→ **EXERCISE PROMPT**
With the images left out, print all of the records below exactly.

BEGIN DATA SUPPLIED

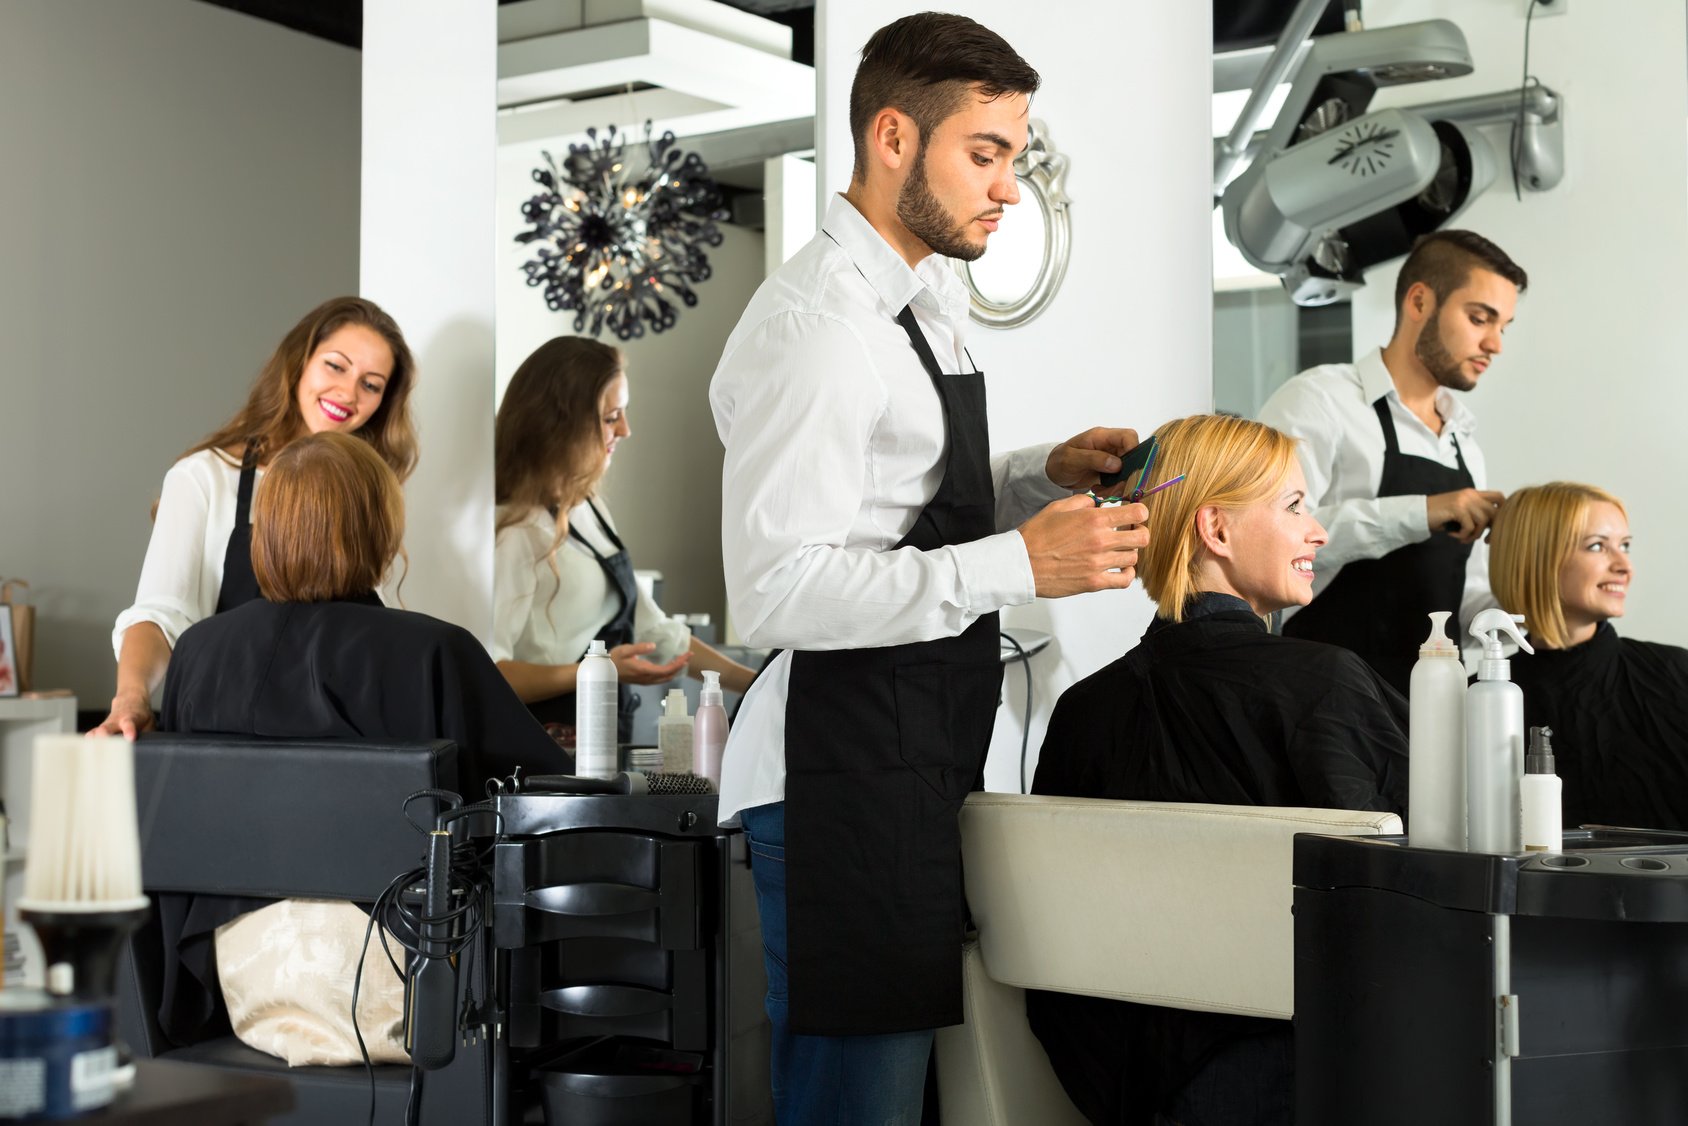 How to find a hair stylist that left
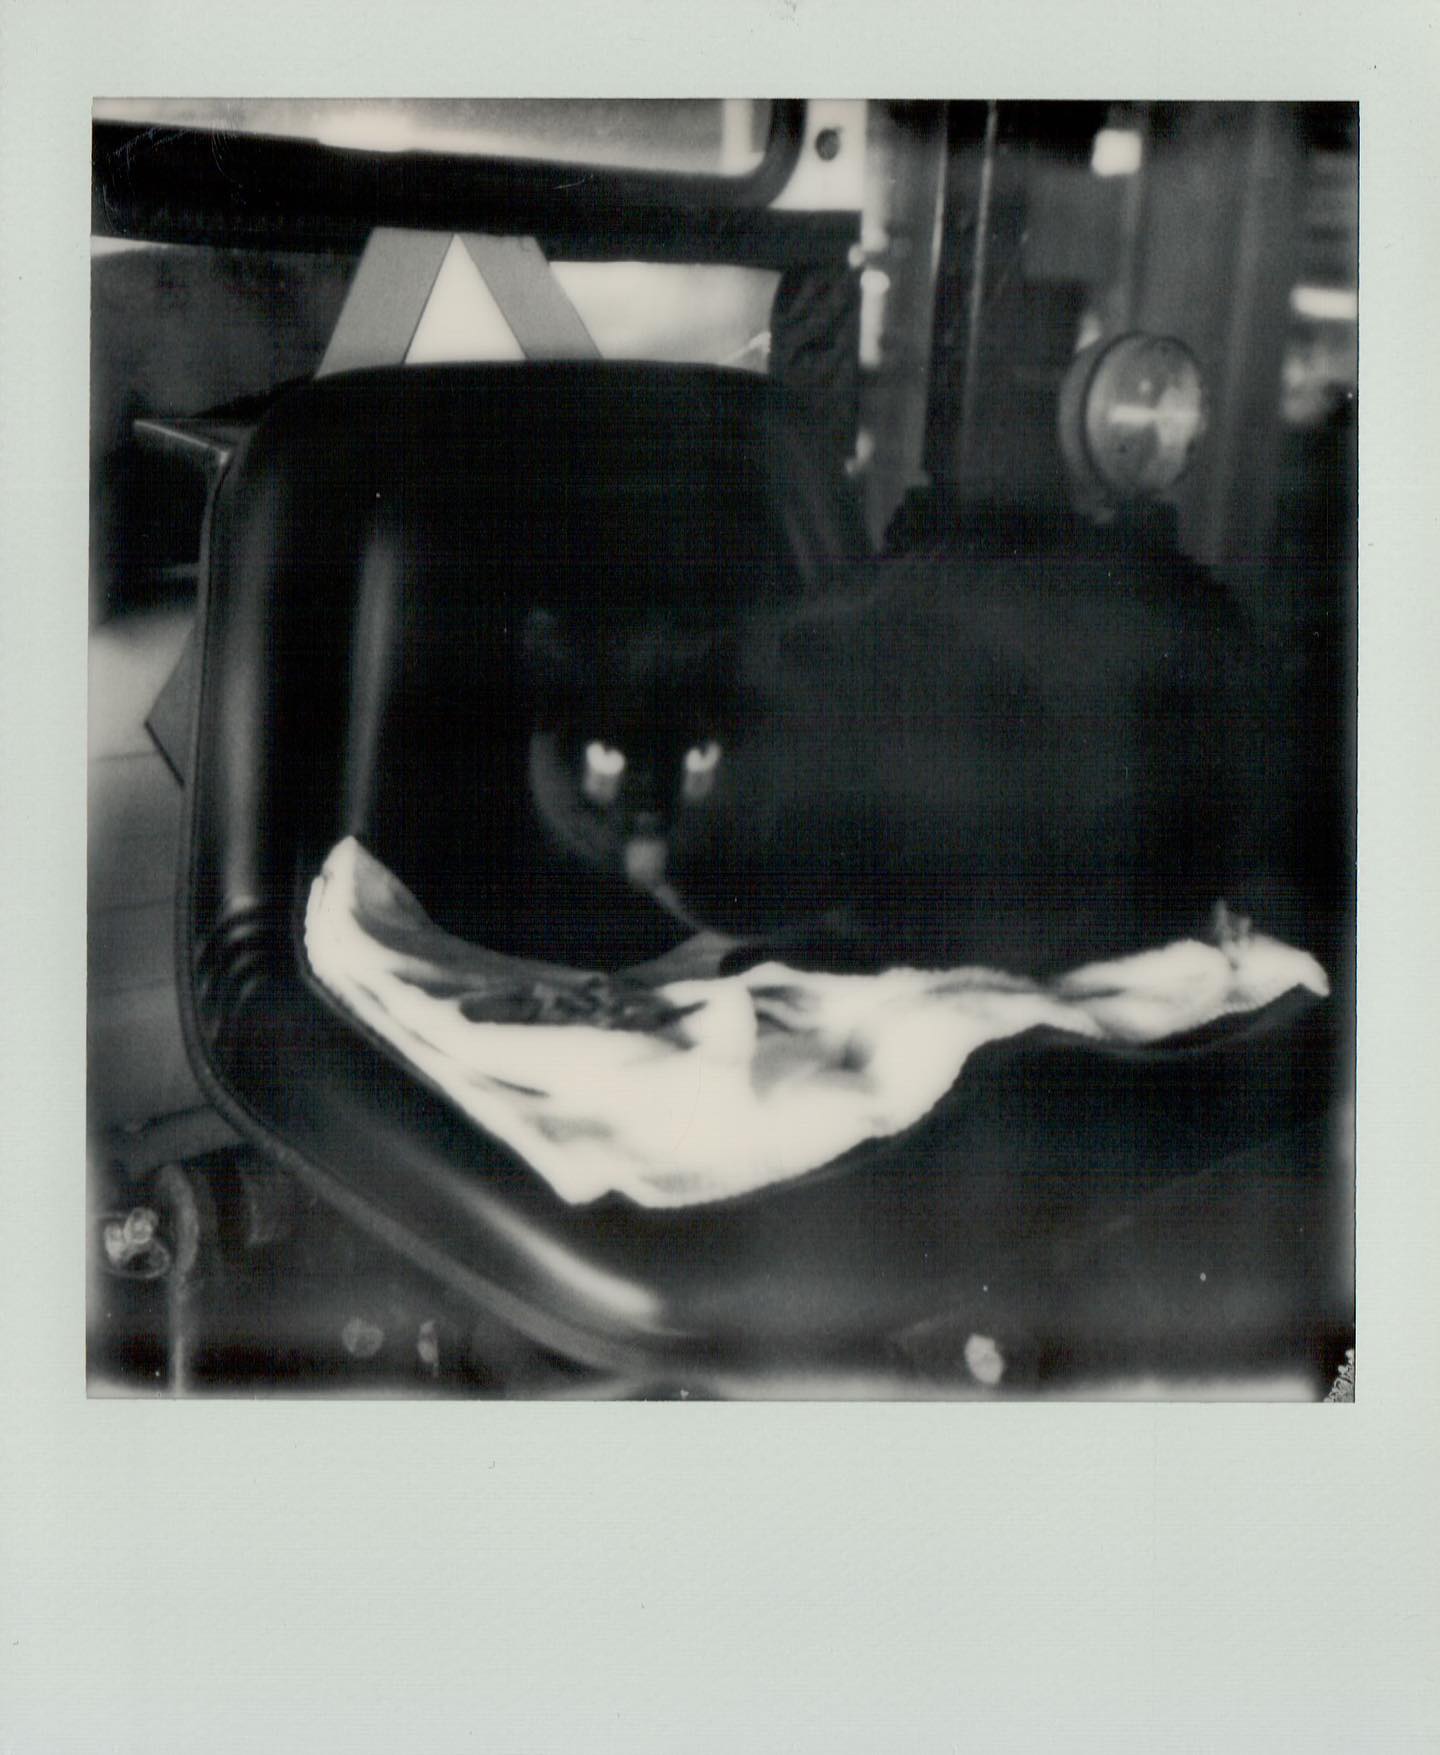 Blep 
My wife Laura is part of a team that takes care of a feral cat who lives in the parking garage at her work. With lockdown, the occasional short trips we make are a pleasant diversion, at least for us. Maybe not so much for Hope, who looks less than pleased to be captured eating treats on her construction equipment throne. #polaroidweek #polaroidweek2020 #roidweek #roidweek2020 #polaroid #film #filmphotography
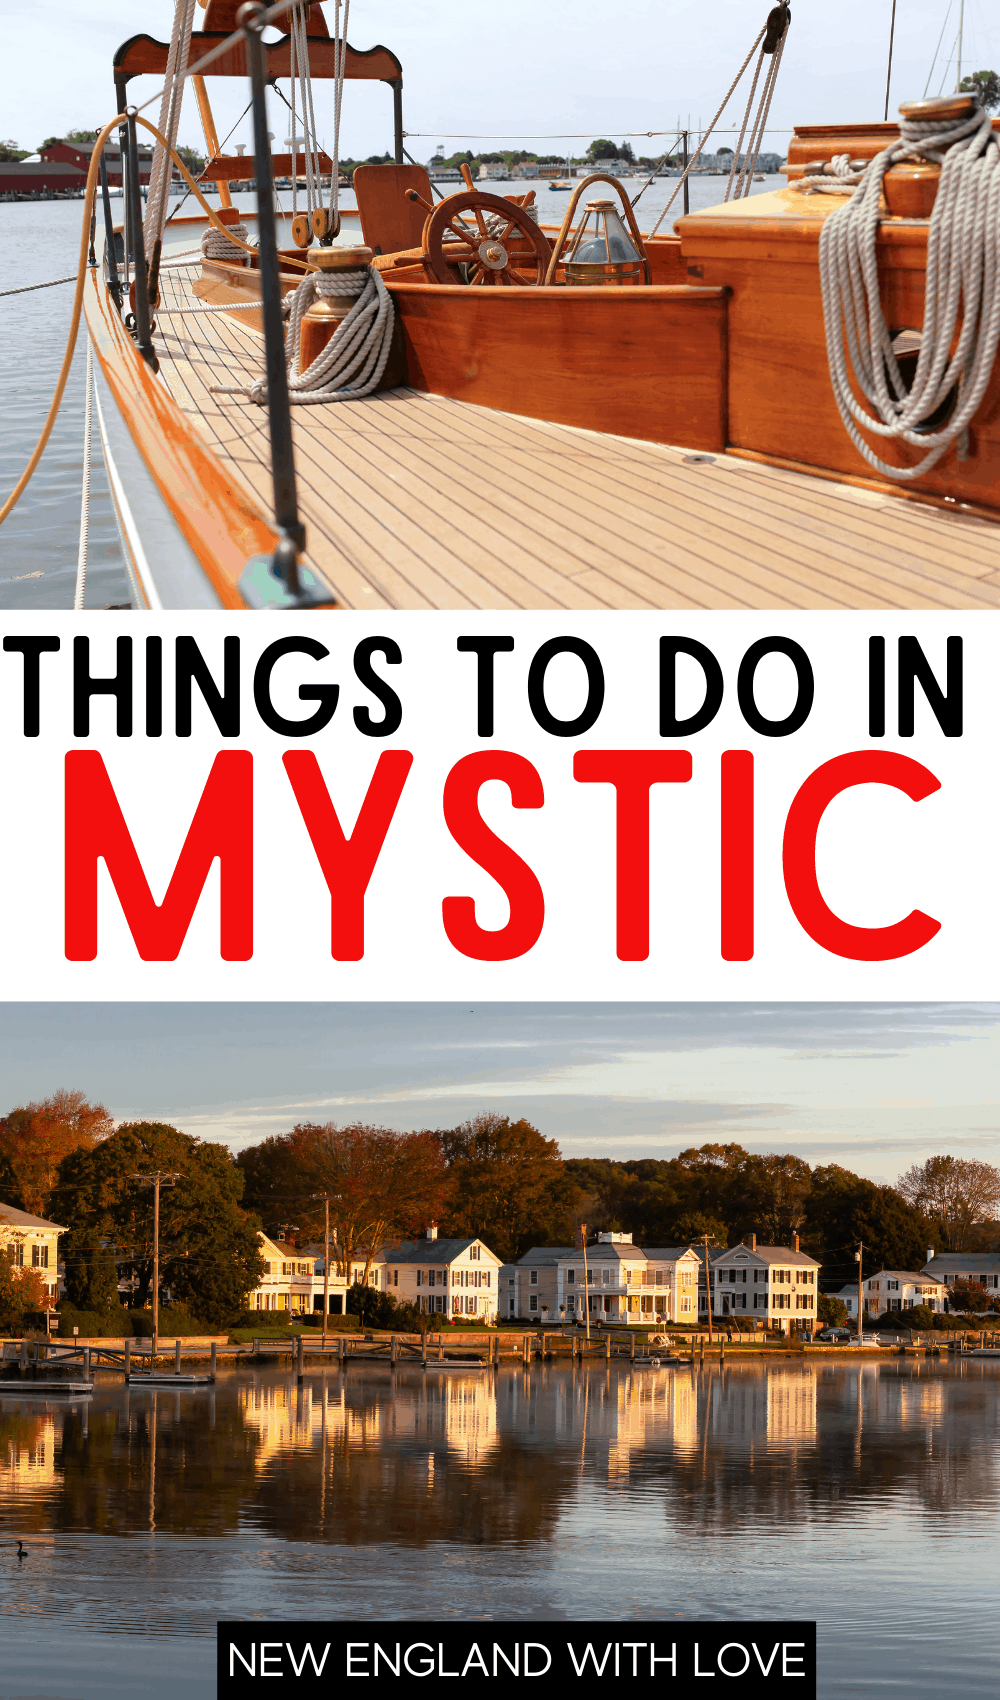 Pinterest graphic reading "THINGS TO DO IN MYSTIC"
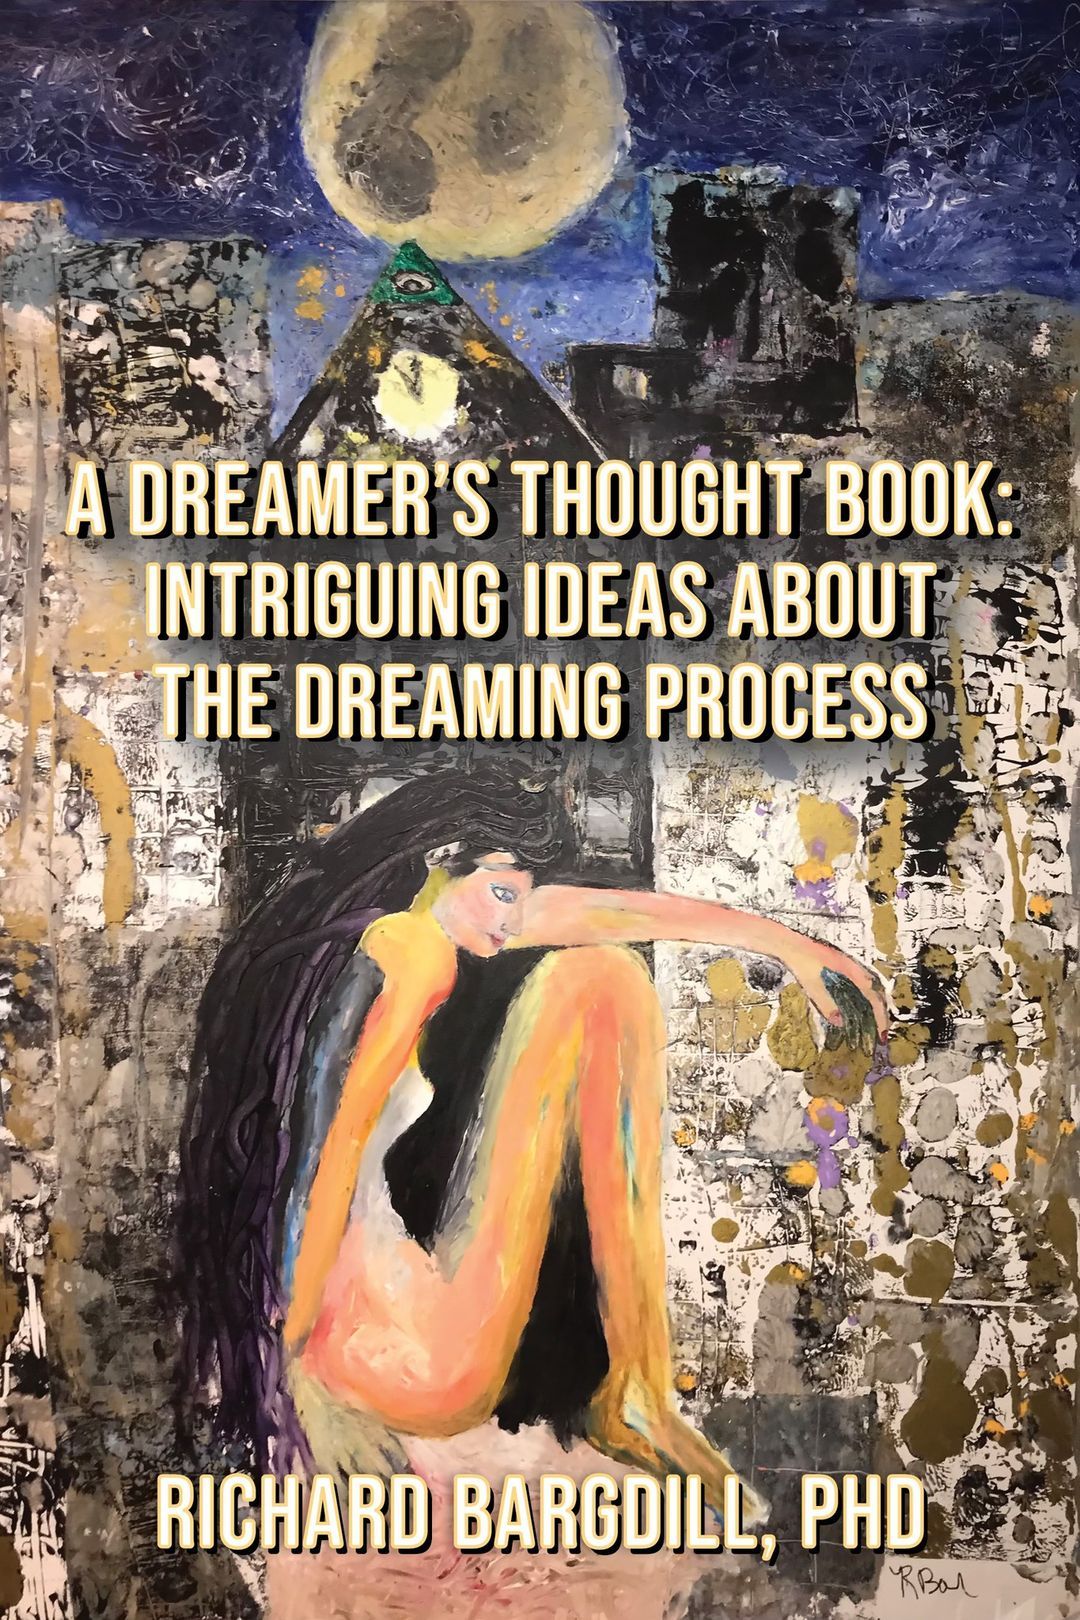 The Dream Journal Podcast with Katherine Bell

END DATA SUPPLIED

→ **EXPECTED ANSWER**
 How to find a hair stylist that left
 Blep 
My wife Laura is part of a team that takes care of a feral cat who lives in the parking garage at her work. With lockdown, the occasional short trips we make are a pleasant diversion, at least for us. Maybe not so much for Hope, who looks less than pleased to be captured eating treats on her construction equipment throne. #polaroidweek #polaroidweek2020 #roidweek #roidweek2020 #polaroid #film #filmphotography
 Pinterest graphic reading "THINGS TO DO IN MYSTIC"
 The Dream Journal Podcast with Katherine Bell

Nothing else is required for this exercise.